En la fijación del contenido de la nueva modalidad de la casación disponemos, por otro lado, de la experiencia adquirida por el conocimiento del recurso de casación contra sentencias dictadas en los procesos seguidos ante el Tribunal de Jurado respecto al que la ley reguladora prevé que el pronunciamiento del Tribunal del Jurado sea revisado a través de la apelación ante el Tribunal Superior de Justicia y, en su caso, casación ante esta Sala.
En este marco, la sentencia contra la que se plantea el recurso de casación es la resolutoria del recurso de apelación. Frente a la misma el recurrente deberá plantear su disidencia, sin que -como principio general y, sobre todo, en relación con el ámbito fáctico- pueda consistir en la reiteración simple del contenido de la impugnación desarrollada en la apelación ni en el planteamiento de cuestiones no debatidas en la apelación, pues las mismas ya han tenido respuesta desestimatoria o son cuestiones que han sido consentidas por la parte. En particular, respecto al ámbito del control casacional cuando se invoca la lesión al derecho fundamental a la presunción de inocencia, cumplida la doble instancia, la función revisora de la casación en este ámbito se contrae al examen de la racionalidad de la resolución realizada a partir de la motivación de la sentencia de la apelación, comprensiva de la licitud, regularidad y suficiencia de la prueba. Respecto al error de Derecho, función primordial de la nueva casación, deberá actuarse conforme a la consolidada jurisprudencia de esta Sala en torno a los dos apartados del art. 885 de la ley procesal penal. Los quebrantamientos de forma, una vez que han sido planteados en la apelación y resueltos en forma negativa, pues de lo contrario la nulidad declarada no tiene acceso a la casación, la queja se contrae a la racionalidad y acierto de la resolución recurrida al resolver la cuestión planteada.
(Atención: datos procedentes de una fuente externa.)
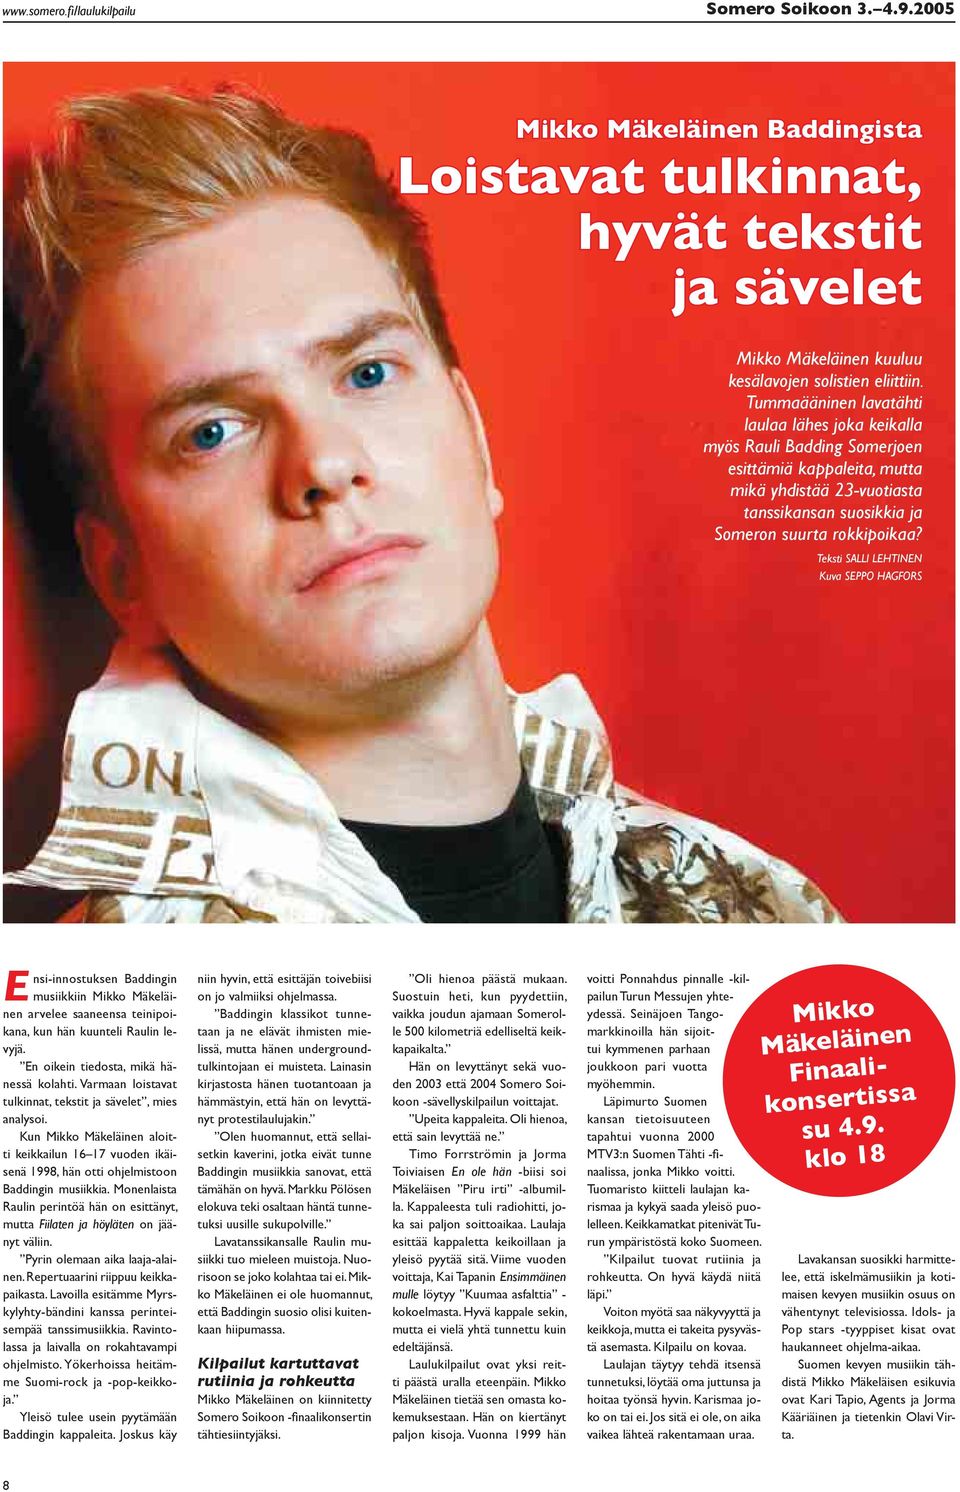 Teksti SALLI LEHTINEN Kuva SEPPO HAGFORS nsi-innostuksen Baddingin musiikkiin Mikko Mäkeläi- Enen arvelee saaneensa teinipoikana, kun hän kuunteli Raulin levyjä.

Estos elementos son el fundamento sobre los que debe operar la admisión del recurso de casación y cuya inobservancia puede conllevar la inadmisión del mismo, conforme a los artículos 884 y 885 LECRIM. Por otra parte, como dijimos en la STS 308/2017 es ajena a la función jurisdiccional una interpretación rígida de las causas de inadmisión, pero sería conveniente y deseable (a la vista de los actuales contornos de la casación derivados de la regulación de la Ley 41/2015) que la parte planteara adecuadamente las razones que sustentan la relevancia casacional de su recurso, bien en cuanto a los aspectos que sostienen su fundamento esencial o bien en relación con los aspectos novedosos que plantea su recurso ( números 1 y 2 del artículo 885 LECRIM, sensu contrario). Ello permitiría a esta Sala advertir y apreciar cuáles son las razones que prima facie podrían dar lugar a un pronunciamiento que se apartara de las conclusiones obtenidas en las dos instancias previas a la casación.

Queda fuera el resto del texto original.